# AS I Type getting ready to buy 1996 Newmar Kountry Star, SUGGESTIONS before purchase?



## Mysticcherokee (Mar 16, 2012)

Hi, I go by Mystic. Tech I should know all of this with a name like Mystic, but JUST IN CASE I like to ask my peers, experienced ones if I can find them Im brand new hear and hubbs hasnt signed seperatly, but may post with me from time to time.
This RV is to be inspected by us tomorrow. Its got 40k miles on it. Any red flags out there. PLEEEEEEAZE speak up!BEFORE we waste time and money. Compliments on choice for our first rv are welcome too. We'll have to meet on the road for coffee and/or libations, tho Im a tee totaler, not a hater. Hugs! SOOOO excited!  Mystic


----------



## H2H1 (Mar 16, 2012)

hello and welcome, I do think more info on the RV is needed. ie diesel, gas, how old are the tires, slide out topper in good shape? do they have any maint. records on any repairs?. these are just a few. Some others will add to it, Good luck


----------



## Triple E (Mar 16, 2012)

Hello and welcome to RVUSA.  :applause:

First off if you have a diesel engine and the said engine is a CAT it is time to have the valves adjusted.  Cost, anywhere from $200.00 to $350.00.  On any diesel, is it time to change the filters, oil, fuel, transmission, water separator, air, and air dryer?  Same for the generator.  One thing I advise is to have an oil analysis done, cost, $15.00 to $25.00, engine, transmission and generator.  Antifreeze, when was the last time the engine has been flushed and does it have antifreeze for a diesel engine, not gas, there is a difference.  Also same for the generator.

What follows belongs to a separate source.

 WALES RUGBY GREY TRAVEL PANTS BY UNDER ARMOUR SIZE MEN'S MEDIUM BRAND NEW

Holding tanks, black and gray.  ARE THEY CLEAN?!! Nothing worse then to clean out someone's waste.  Be sure to test the propane system and that everything that it applies too works. * A motor home is only as good as the previous owners.*  This motor home was top of the line when new but that was 17 years ago.  How has it been taken care of??  Charge the water lines and check for leaks, again check all that applies to the water system.  Open the engine cover and check for any burnt wires or leaking oil.  As hollis stated, tires, if they are more then seven years old it is time to replace.

Feel around on the floors, especially around the toilet, and walls for soft spots and stains on the ceiling.  This is an indication of water damage.  If found RUN.

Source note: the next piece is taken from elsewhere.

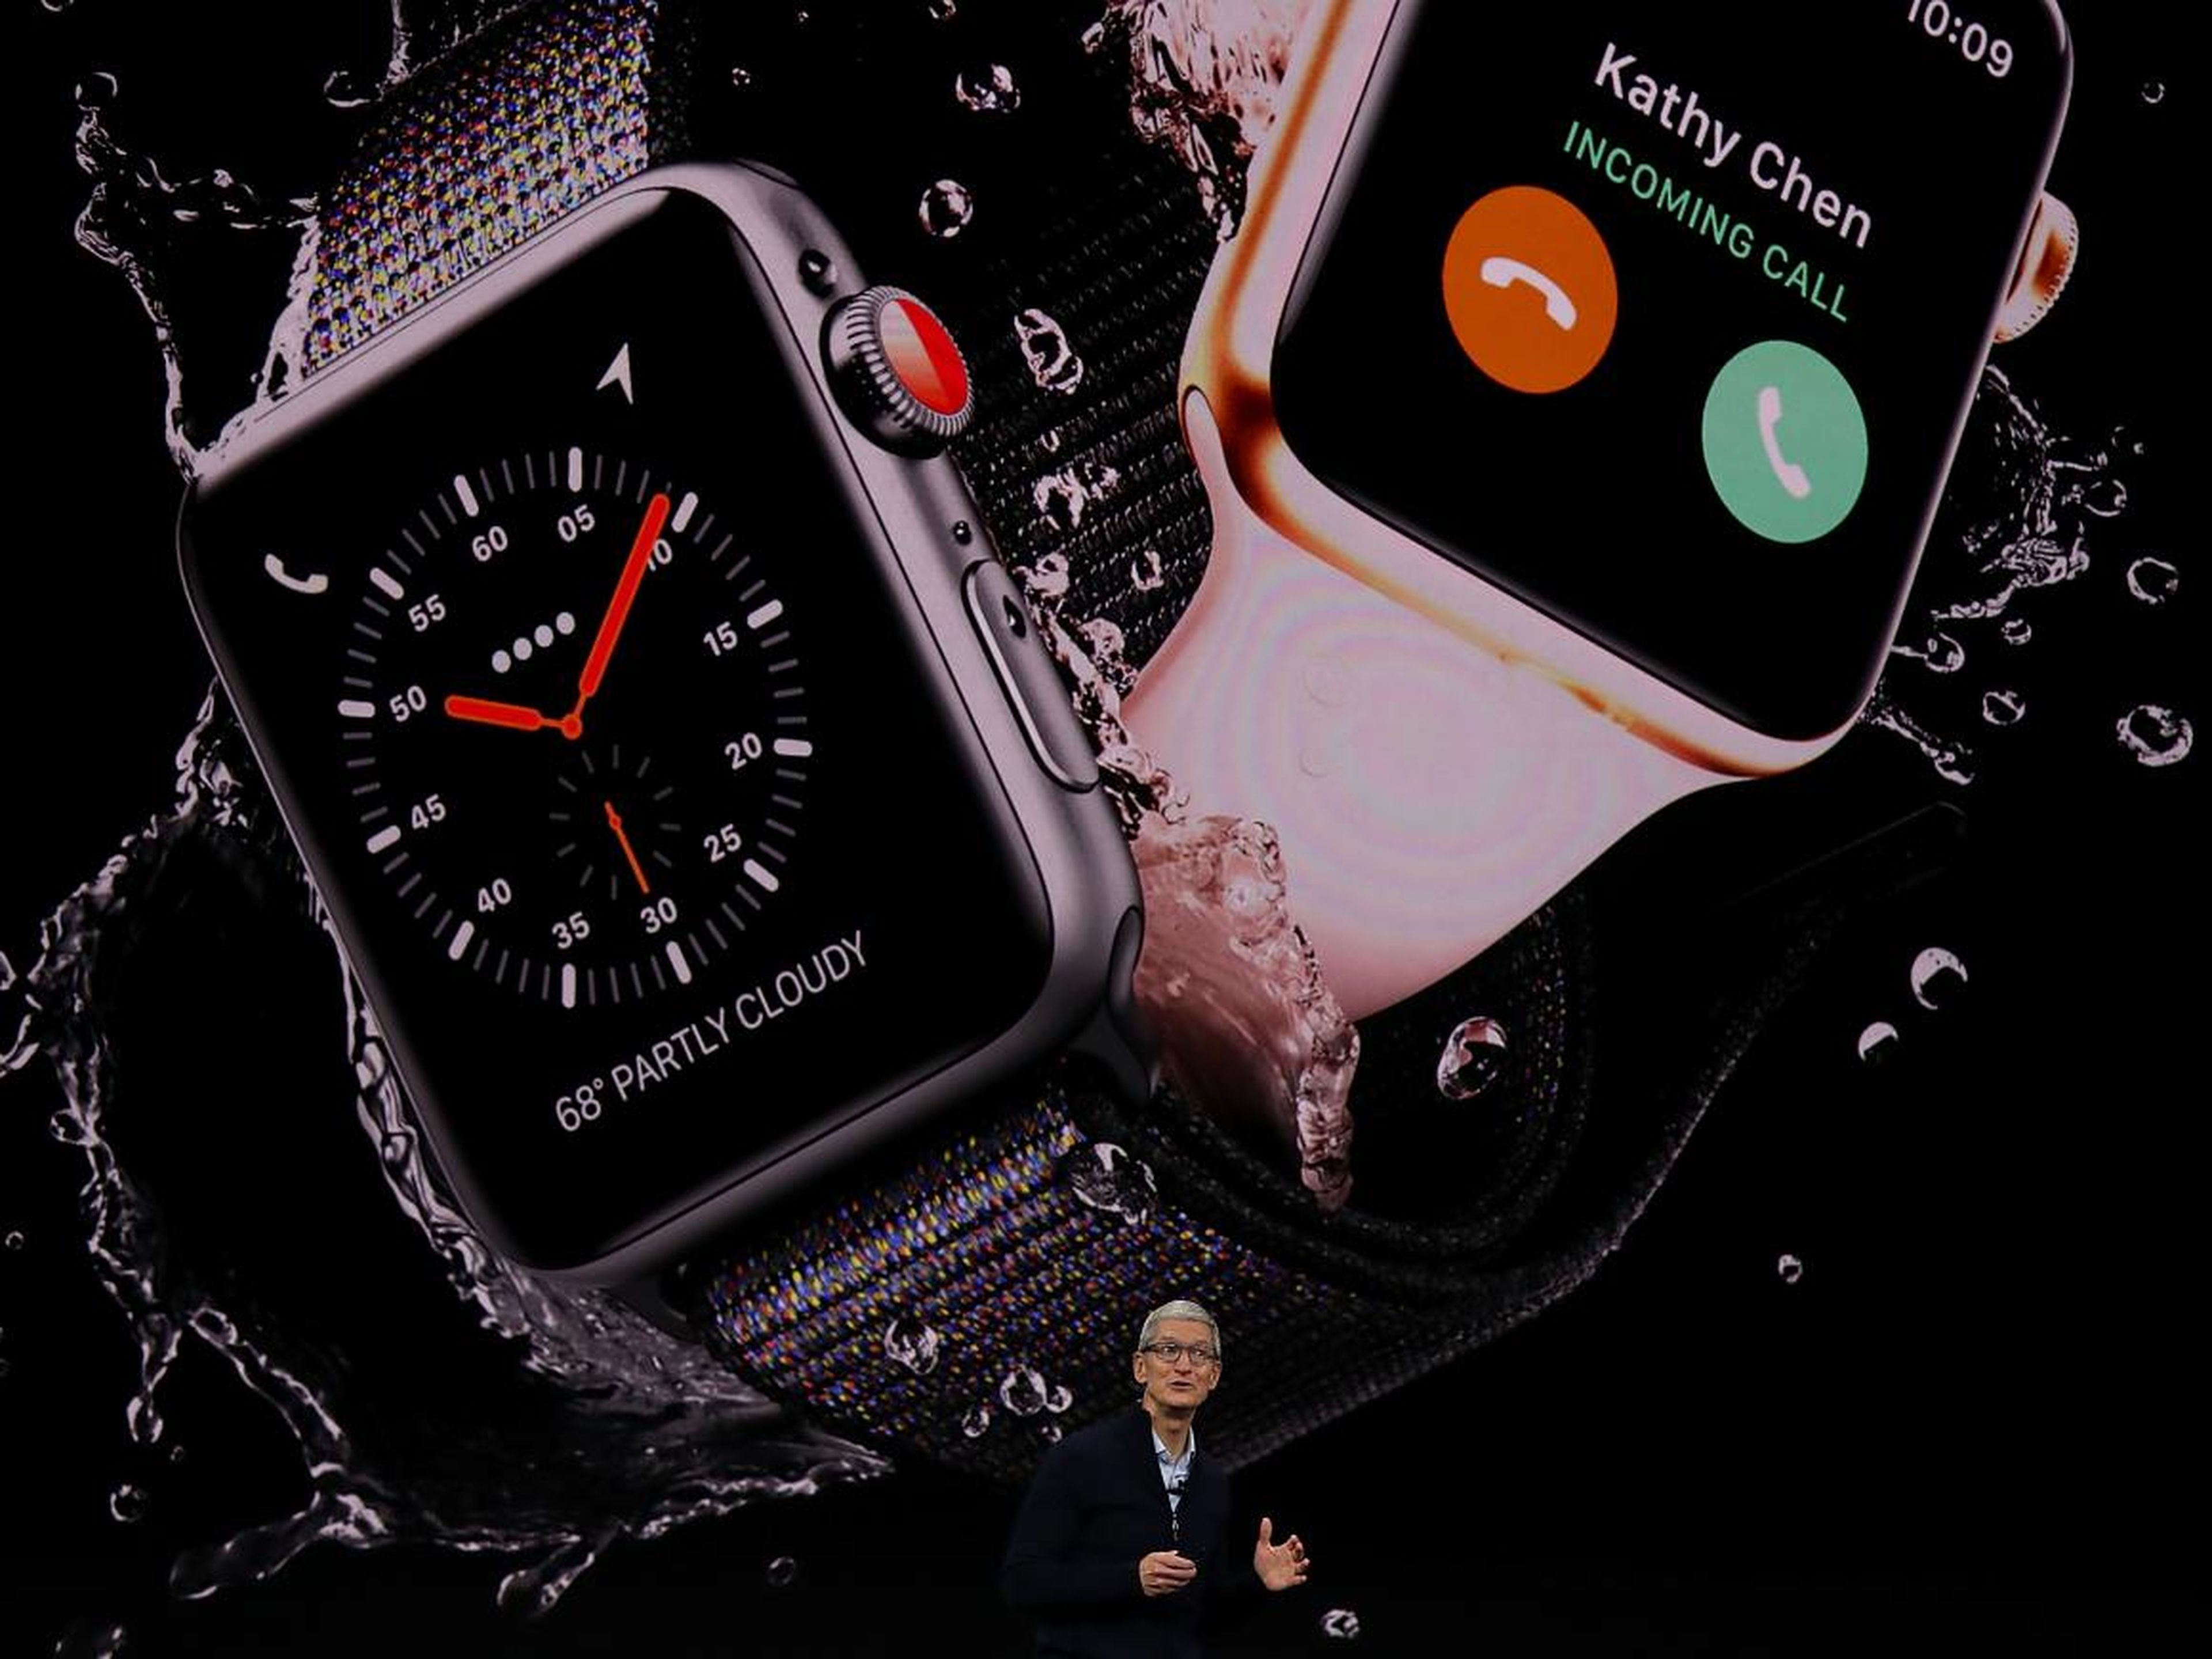 Both the Apple Watch and Galaxy Watch are fitness- and wellness-focused smartwatches.

Most important, don't let the motor home fever do your judging.  There are a lot of coaches to chose from.  Do It Right.  Please come back and let us know how it went.  Good luck.


----------



## H2H1 (Mar 16, 2012)

I knew someone would come on and give better advice that I did. Good job Steve.


----------



## Triple E (Mar 16, 2012)

Thank you hollis.


----------



## Mysticcherokee (Mar 16, 2012)

AS I Type getting ready to buy 1996 Newmar Kountry Star, SUGGESTIONS before purchase?



			
				H2H1;76765 said:
			
		

> I knew someone would come on and give better advice that I did. Good job Steve.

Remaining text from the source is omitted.